Class HyperLogLogCounterArray

  • All Implemented Interfaces:
    Serializable

    public class HyperLogLogCounterArray
    extends Object
    implements Serializable
    An array of approximate sets each represented using a HyperLogLog counter.

    HyperLogLog counters represent the number of elements of a set in an approximate way. They have been introduced by Philippe Flajolet, Éric Fusy, Olivier Gandouet, and Freédeéric Meunier in “HyperLogLog: the analysis of a near-optimal cardinality estimation algorithm”, Proceedings of the 13th conference on analysis of algorithm (AofA 07), pages 127−146, 2007. They are an improvement over the basic idea of loglog counting, introduced by Marianne Durand and Philippe Flajolet in “Loglog counting of large cardinalities”, ESA 2003, 11th Annual European Symposium, volume 2832 of Lecture Notes in Computer Science, pages 605−617, Springer, 2003.

    Each counter is composed by m registers, and each register is made of registerSize bits. The first number depends on the desired relative standard deviation, and its logarithm can be computed using log2NumberOfRegisters(double), whereas the second number depends on an upper bound on the number of distinct elements to be counted, and it can be computed using registerSize(long).

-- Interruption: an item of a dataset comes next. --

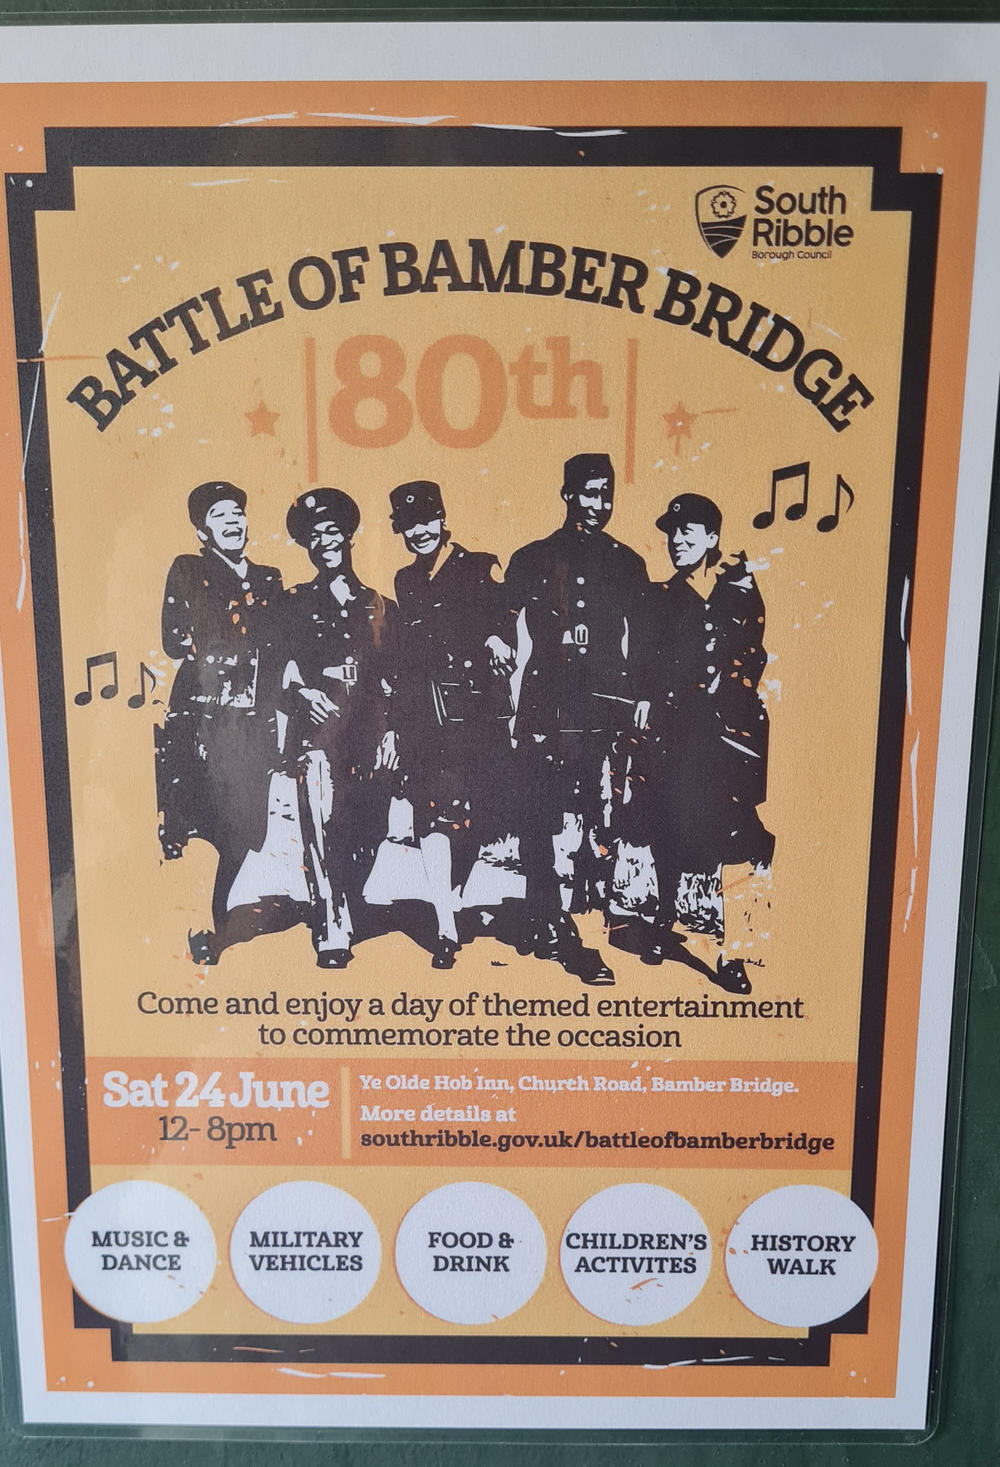 A poster advertising festivities marking the 80th anniversary of the Battle of Bamber Bridge. This weekend, the village of Bamber Bridge will commemorate the heroism of Black U.S. soldiers based in the area during World War II who fought against segregation in the U.S. Army.

    Actually, this class implements an array of counters. Each counter is completely independent, but they all use the same hash function. The reason for this design is that in our intended applications hundred of millions of counters are common, and the JVM overhead to create such a number of objects would be unbearable. This class allocates an array of LongArrayBitVectors, each containing CHUNK_SIZE registers, and can thus handle billions of billions of registers efficiently (in turn, this means being able to handle an array of millions of billions of high-precision counters).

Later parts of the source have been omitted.